"World Cinema: Israel"

My book, "World Cinema: Israel" (originally published in 1996) is available from Amazon on "Kindle", with an in-depth chapter comparing and analyzing internationally acclaimed Israeli films up to 2010.

Want to see some of the best films of recent years? Just scroll down to "best films" to find listings of my recommendations.

amykronish@gmail.com

Monday, October 13, 2014

Manpower by Noam Kaplan



Manpower (directed by Noam Kaplan) is a biting and tough film about four different stories which intersect in South Tel Aviv where thousands of African political refugees and migrant workers live.  This is a film about the difficulties of everyday life, about financial problems, loneliness, about getting along in a society that is not so welcoming, about frustration and despair.  Israeli society doesn't treat these workers well, their status is problematic and the situation is complex.  

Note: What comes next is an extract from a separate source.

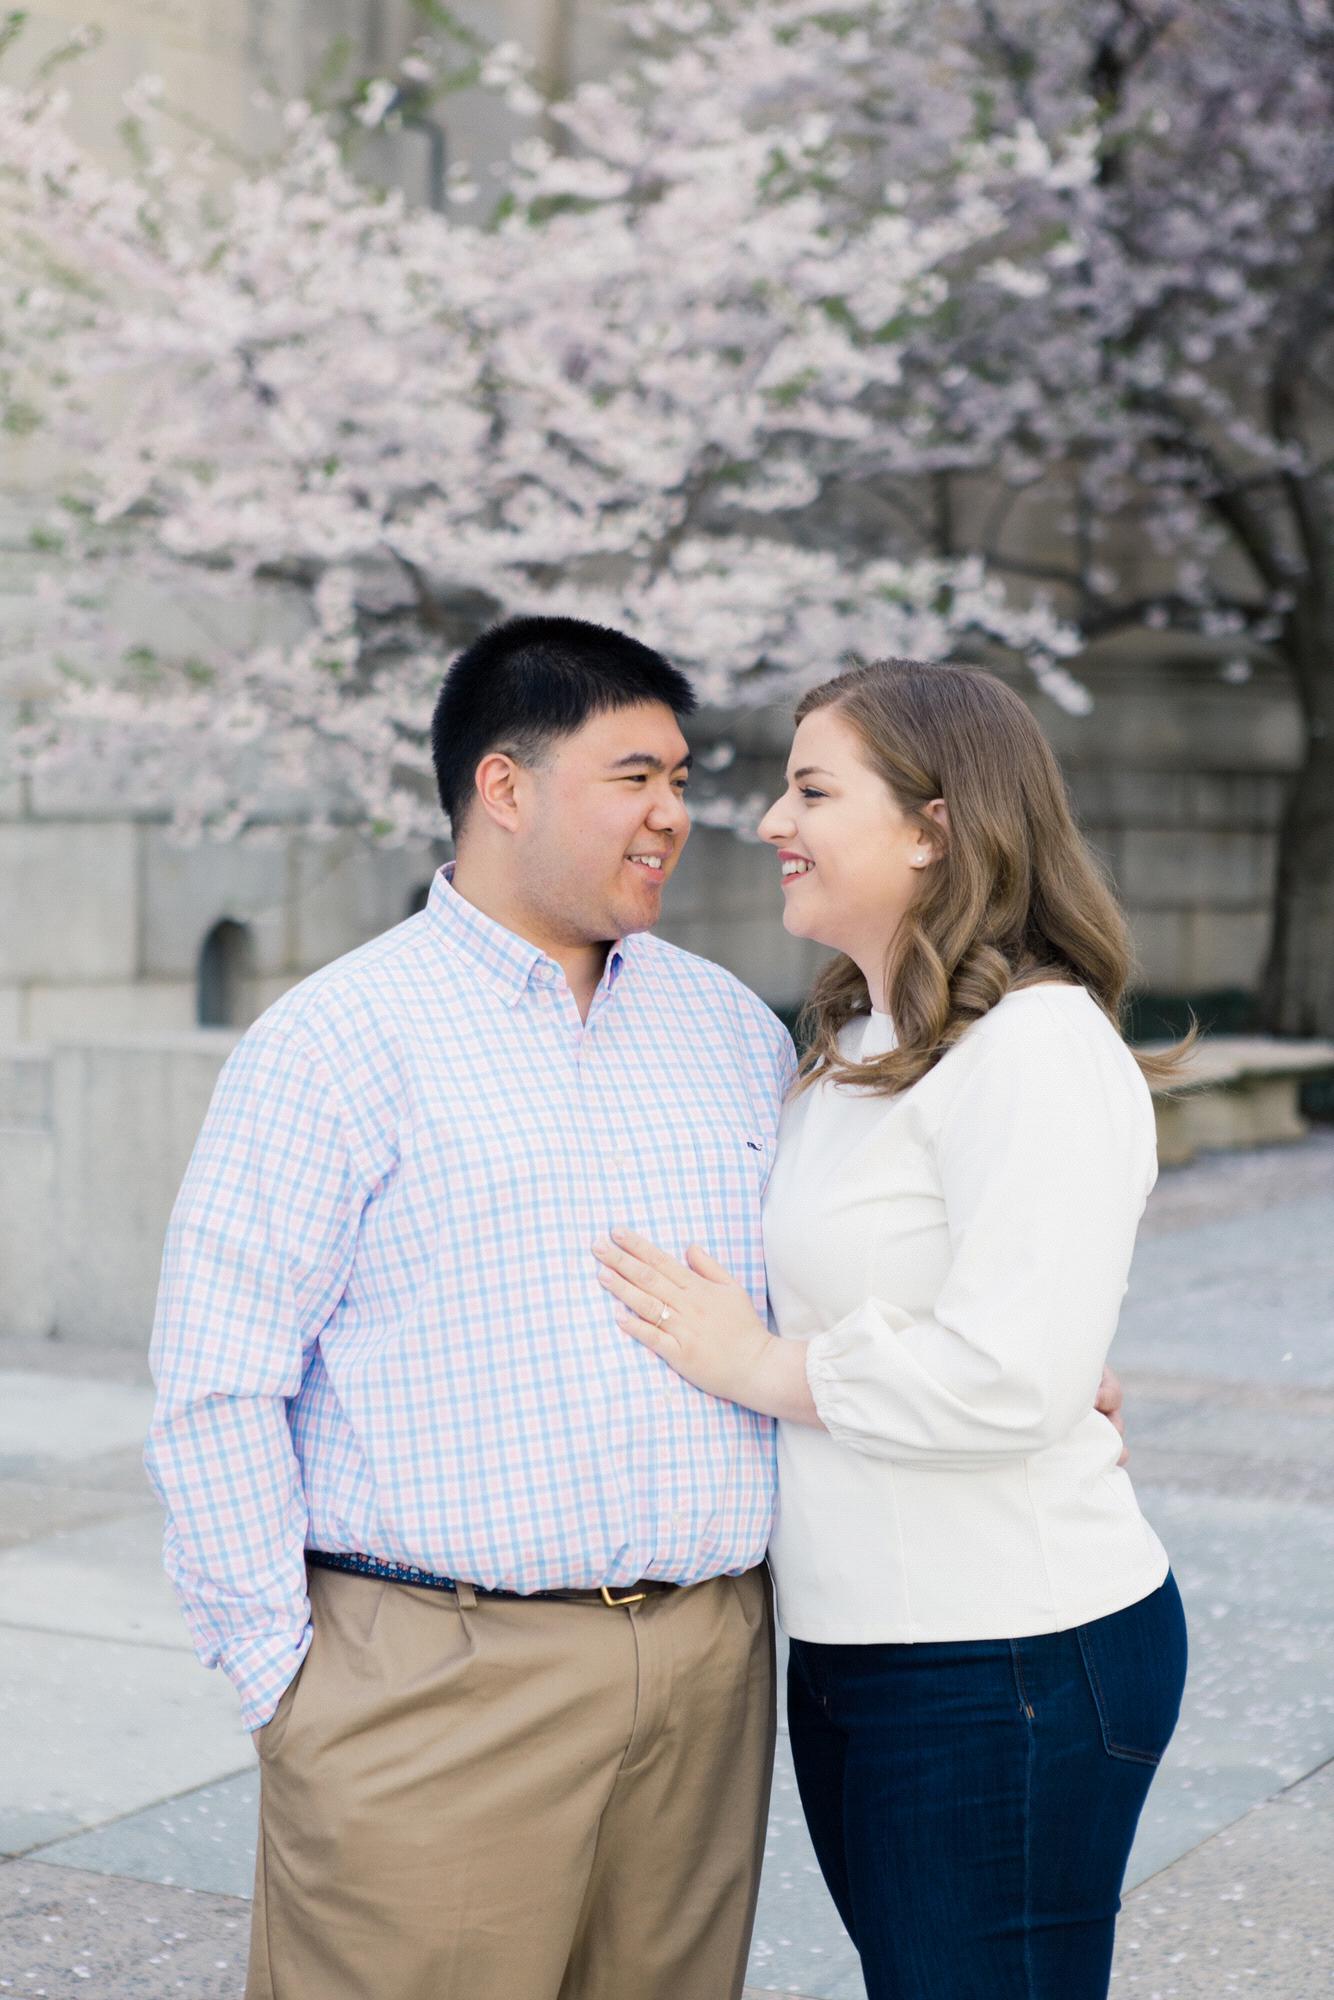 Cherry blossom engagement pictures at the Basilica of the National Shrine of the Immaculate Conception, March 2020. (Kate Grace Photography)

There have been many excellent Israeli films about migrant workers, which deal with how they are treated within our society, such as --
The Human Resources Manager (Eran Riklis)
Foreign Sister (Dan Wolman)
James' Journey to Jerusalem (Ra'anan Alexandrowicz)
Noodle (Ayelet Menachemi)
Janem Janem (Haim Bouzaglo)

This film is perhaps less fictionalized than the others and shows the bare reality of living as a foreign worker in Tel Aviv and how the Israeli authorities deal with this sensitive problem.  Loaded with irony, this is a film about belonging, emigration, and uprootedness.
 
Emigration and loneliness: There is the Jewish cab driver whose son, Philippine daughter-in-law and Israeli-born grandchild have decided to better their lives by emigrating. 

Frustrations: There is the policeman who comes back from a police trip to Buchenwald and is assigned to round up African foreign workers living in Israel.  It's not so easy to raise a family on a cop's salary. 

Uprootedness: There is the Nigerian man with his wife and child, a leader within the African community, who works cleaning houses despite humiliation and fear of deportation.

Belonging: And there is the teenager who works at Aroma, born in Israel to a mother from the Philippines, desperately hoping to join a combat unit  in the IDF in order to fit into Israeli society. 

Manpower portrays the despair and denigration of these families trying to live their lives and of the cops who are themselves victims in so many ways.  You feel for the characters, all of whom are real people living in South Tel Aviv.